Task goal: Could you copy word for word only the lines between the one containing "Ар, Өвөр монгол" and the end of the listing below, both included, and leave out the pictures?

Given information:
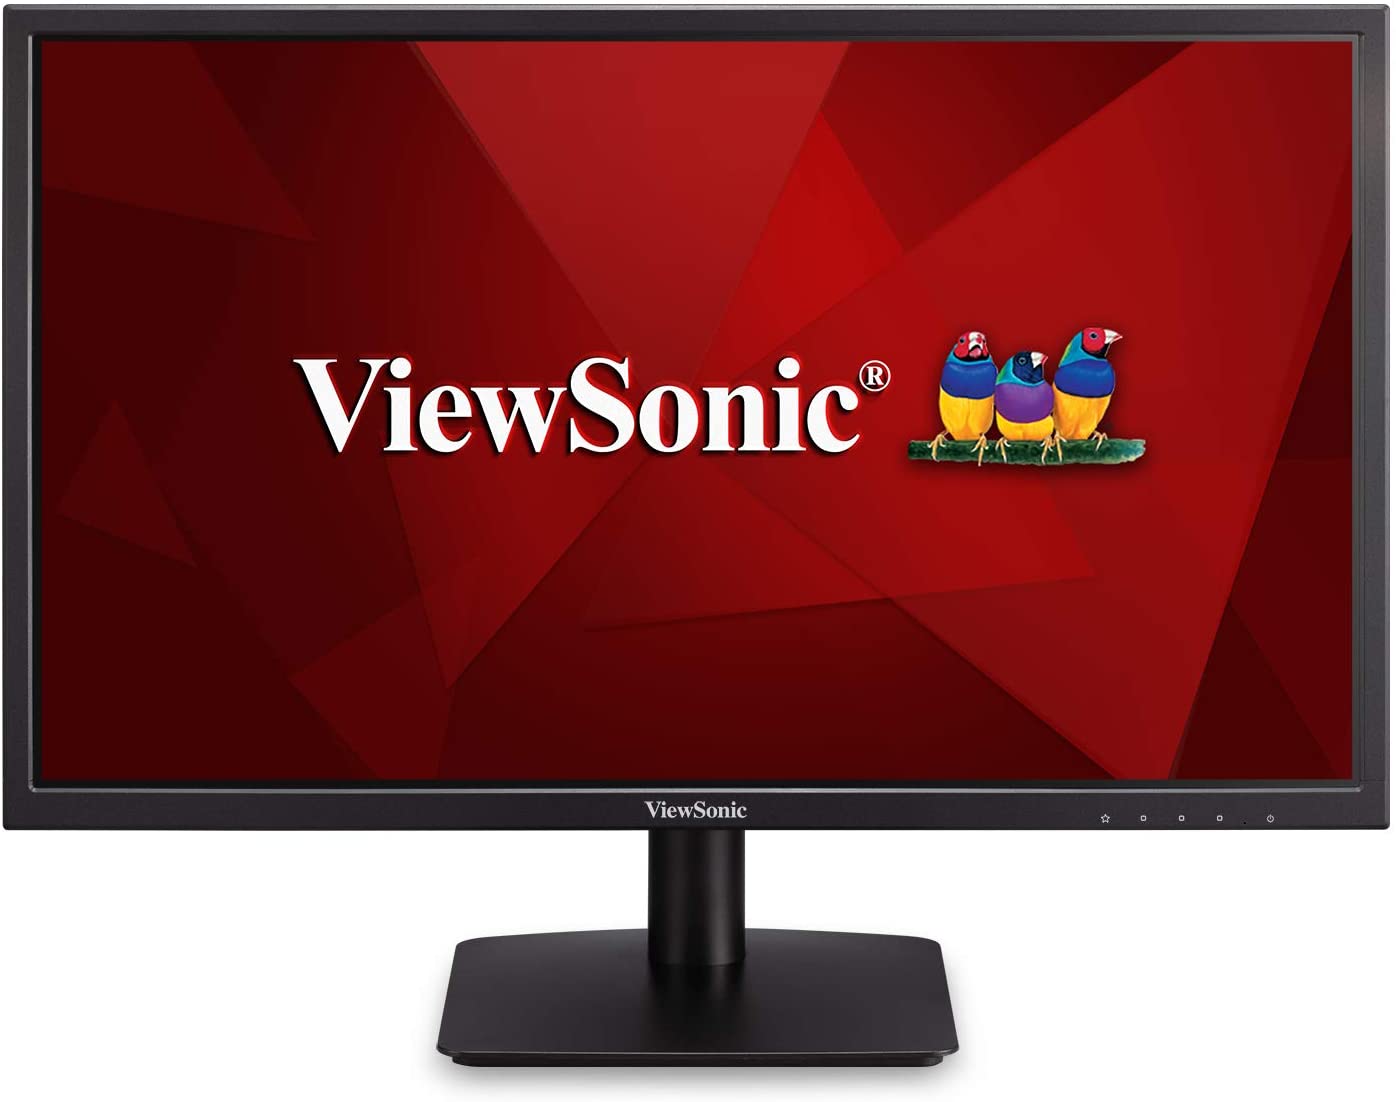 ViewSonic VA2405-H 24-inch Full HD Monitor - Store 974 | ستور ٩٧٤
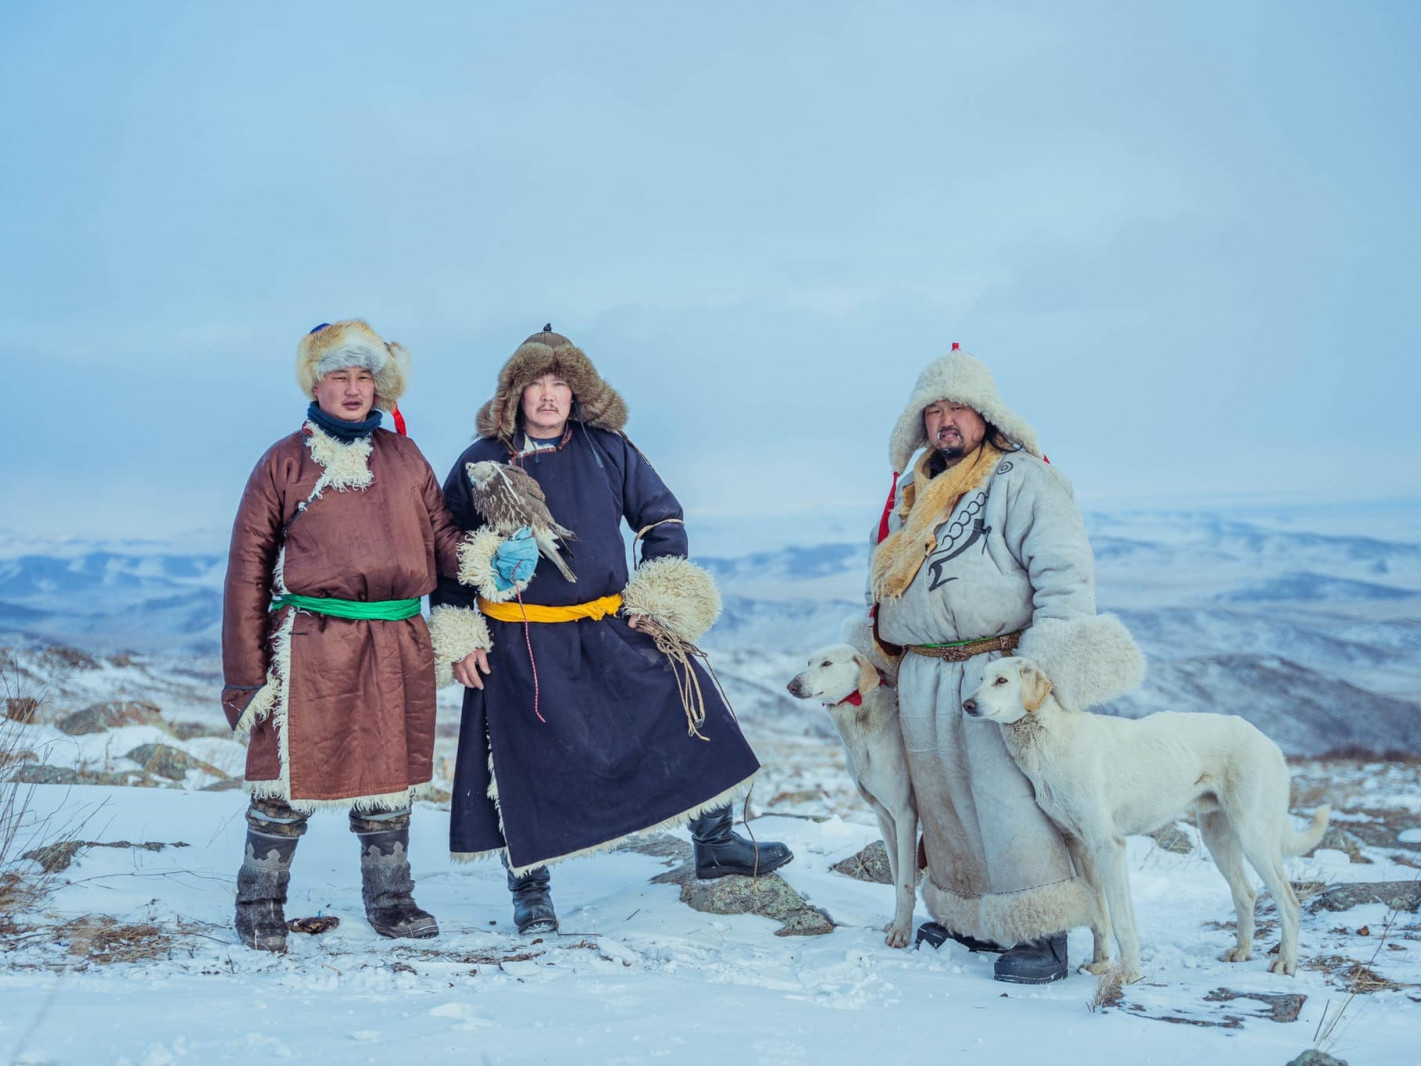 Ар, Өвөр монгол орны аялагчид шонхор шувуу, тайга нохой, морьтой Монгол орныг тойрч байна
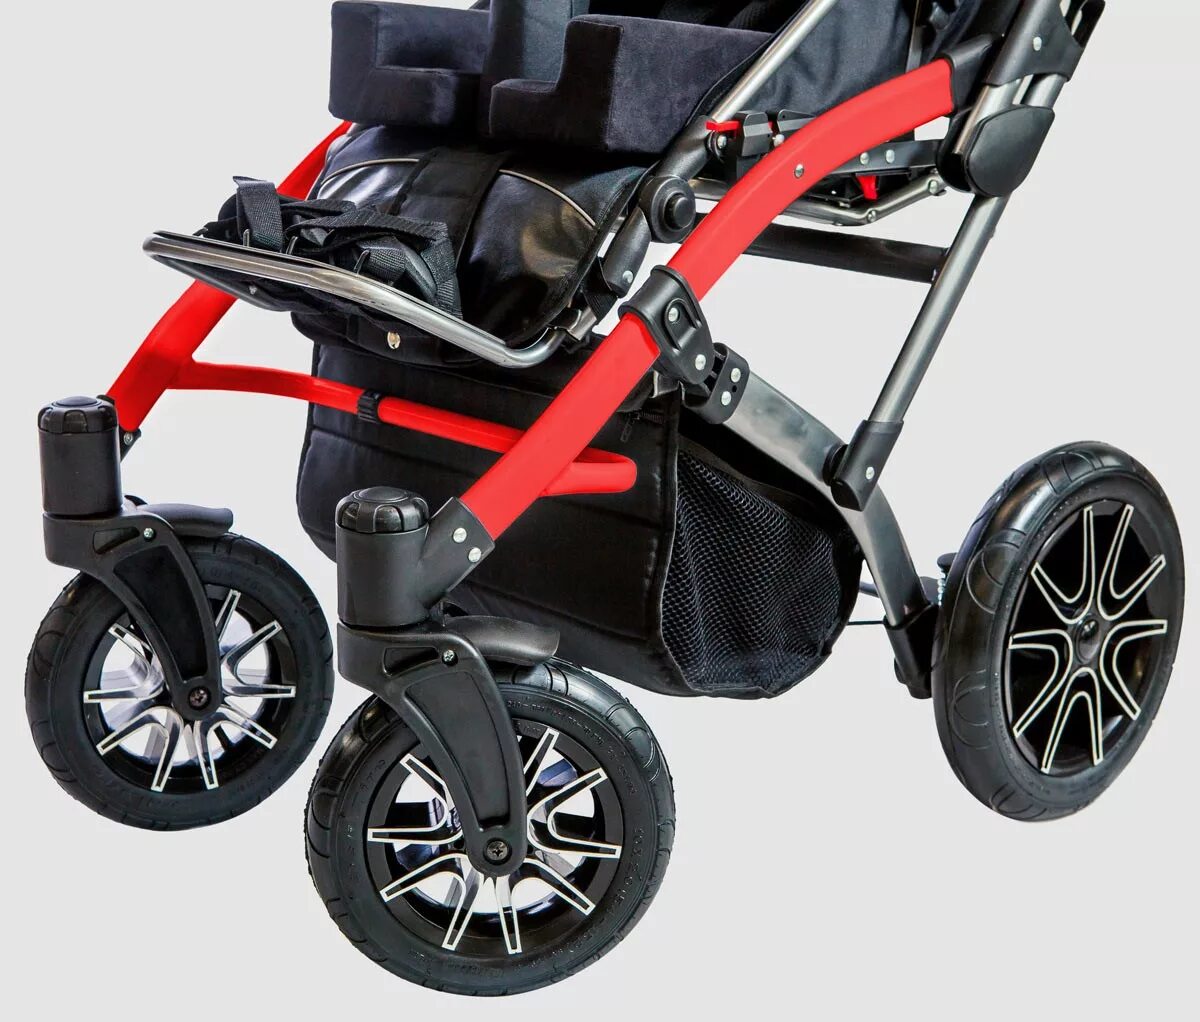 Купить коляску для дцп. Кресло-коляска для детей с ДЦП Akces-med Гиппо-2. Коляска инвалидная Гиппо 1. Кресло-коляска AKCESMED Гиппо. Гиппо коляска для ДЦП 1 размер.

Output:
 Ар, Өвөр монгол орны аялагчид шонхор шувуу, тайга нохой, морьтой Монгол орныг тойрч байна
 Купить коляску для дцп. Кресло-коляска для детей с ДЦП Akces-med Гиппо-2. Коляска инвалидная Гиппо 1. Кресло-коляска AKCESMED Гиппо. Гиппо коляска для ДЦП 1 размер.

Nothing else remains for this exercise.